If you find this work useful to your research, please consider citing us:

@article{zhao2023cvml,
  title={CVML-Pose: Convolutional VAE Based Multi-Level Network for Object 3D Pose Estimation},
  author={Zhao, Jianyu and Sanderson, Edward and Matuszewski, Bogdan J},
  journal={IEEE Access},
  volume={11},
  pages={13830--13845},
  year={2023},
  publisher={IEEE}
}

1. Usage

1.1 Download data

Download the repository, navigate to the CVML-Pose directory, download and unzip the following datasets from the BOP challenge.

cd CVML-Pose
mkdir original\ data              # make the 'original data' folder
cd original\ data

export SRC=https://huggingface.co/datasets/bop-benchmark/datasets/resolve/main
wget $SRC/lm_base.zip             # Linemod base archive
wget $SRC/lm_models.zip           # Linemod 3D object's model
wget $SRC/lm_test_all.zip         # Linemod real images
wget $SRC/lm_train_pbr.zip        # Linemod PBR images
wget $SRC/lmo_base.zip            # Linemod-Occluded base archive
wget $SRC/lmo_test_bop19.zip      # The BOP version of the Linemod-Occluded test images

unzip lm_base.zip                 # Contains folder "lm"
unzip lm_models.zip -d lm         # Unpacks to "lm"
unzip lm_test_all.zip -d lm       # Unpacks to "lm"
unzip lm_train_pbr.zip -d lm      # Unpacks to "lm"
unzip lmo_base.zip                # Contains folder "lmo"
unzip lmo_test_bop19.zip -d lmo   # Unpacks to "lmo"

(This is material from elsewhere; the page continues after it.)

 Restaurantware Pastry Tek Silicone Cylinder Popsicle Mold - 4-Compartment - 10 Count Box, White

Since many approaches (BB8, SingleShotPose, PVNet, etc) divide the original Linemod real images into train/test set, and evaluate on the test set, we download the test list from SingleShotPose to make a fair comparison.

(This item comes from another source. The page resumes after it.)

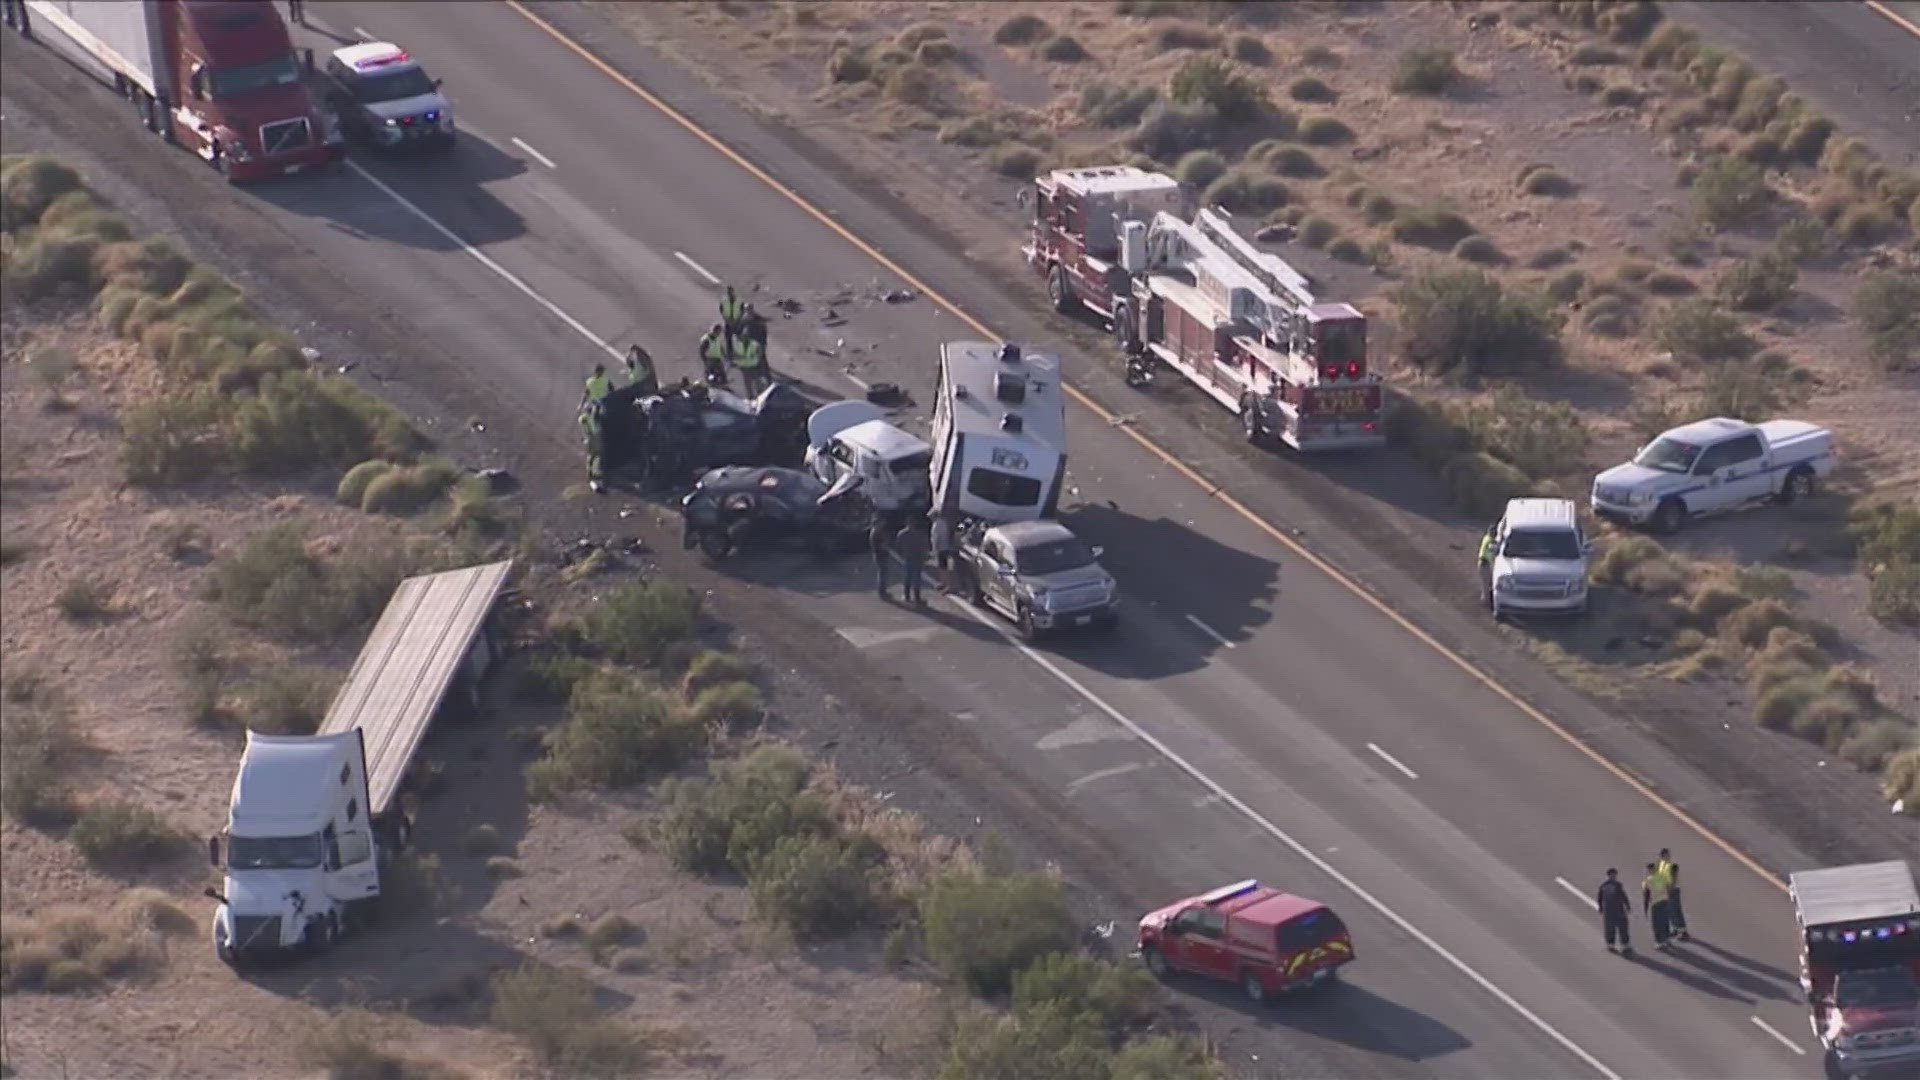 The closure is due to a crash at milepost 105, according to ADOT.

wget -O LINEMOD.tar --no-check-certificate "https://onedrive.live.com/download?cid=05750EBEE1537631&resid=5750EBEE1537631%21135&authkey=AJRHFmZbcjXxTmI"
tar xf LINEMOD.tar

Our method does not include object detection/segmentation, we use the Mask-R-CNN detector pretrained by CosyPose. The CosyPose environment can be created using the following commands:

cd CVML-Pose
git clone --recurse-submodules https://github.com/ylabbe/cosypose.git

cd cosypose
conda env create -n cosypose --file environment.yaml
conda activate cosypose
git lfs pull
python setup.py install

Download the pretrained Mask-R-CNN detector:

conda activate cosypose
cd /home/jianyu/CVML-Pose/cosypose    # example directory, replace with yours
mkdir local_data

python -m cosypose.scripts.download --model=detector-bop-lmo-pbr--517542

1.2 CVML-Pose environment

To set up the CVML-Pose environment, run:

conda create -n CVML-Pose python=3.9.7
conda activate CVML-Pose

conda install pytorch torchvision torchaudio cudatoolkit=11.3 -c pytorch
conda install matplotlib pandas
conda install -c conda-forge scikit-learn
pip install pyrender pypng opencv-python

1.3 Data preprocessing

As described in the paper, each target object is cropped into a square shape from the scene based on the bounding box. You can run the following scripts to get training/test images.

cd CVML-Pose
conda activate CVML-Pose

python scripts/pbr.py                   # extract input training images
python scripts/recon.py --object 1      # generate ground truth reconstruction images
python scripts/test_gt.py               # extract test images with ground truth bounding box

To use the pretrained Mask-R-CNN detector, go to this script scripts/test_mask.py, change the code sys.path.append('/home/jianyu/CVML-Pose/cosypose/') to your CosyPose path, then run the script:

python scripts/test_mask.py             # extract test images with the detector bounding box

1.4 Train CVML-Pose

To train the CVML-Pose, there are 3 models and 13 objects available:

model choice: CVML_base, CVML_18, CVML_34;
object choice: 1-15 except 3&7;

cd CVML-Pose
conda activate CVML-Pose

python scripts/cvml_ae.py --model CVML_18 --object 1      # train the CVML_AE models
python scripts/latent.py --model CVML_18 --object 1       # get latent variables
python scripts/mlp_r.py --model CVML_18 --object 1        # train the rotation MLP
python scripts/mlp_t.py --model CVML_18 --object 1        # train the translation MLP and KNN
python scripts/topology.py                                # train multiple objects and visualize the latent space

1.5 Evaluation

To evaluate the CVML-Pose, we use ADD/MSSD/MSPD which have been implemented in the BOP Toolkit.

cd CVML-Pose
git clone https://github.com/thodan/bop_toolkit.git

To use the BOP Toolkit, go to this script scripts/evaluate.py, change the code sys.path.append('/home/jianyu/CVML-Pose/bop_toolkit/') to your BOP Toolkit path, then evaluate the estimated pose:

model choice: CVML_base, CVML_18, CVML_34;
data choice: lm, lmo;
type choice: gt, mask;

cd CVML-Pose
conda activate CVML-Pose

python scripts/evaluate.py --model CVML_18 --data lm --type gt

1.6 Real-time pose estimation

To implement real-time pose estimation with CVML-Pose, go to the two scripts scripts/realtime.py and scripts/realtime_no_detect.py, change the code sys.path.append('/home/jianyu/CVML-Pose/cosypose/') to your CosyPose path, then run:

object choice: 1-15 except 3&7;

cd CVML-Pose
conda activate CVML-Pose

python scripts/realtime.py --object 1             # estimate object 3D pose in real-time with the pretrained Mask-R-CNN detector
python scripts/realtime_no_detect.py --object 1   # estimate object 3D pose in real-time in a fixed location(no detector)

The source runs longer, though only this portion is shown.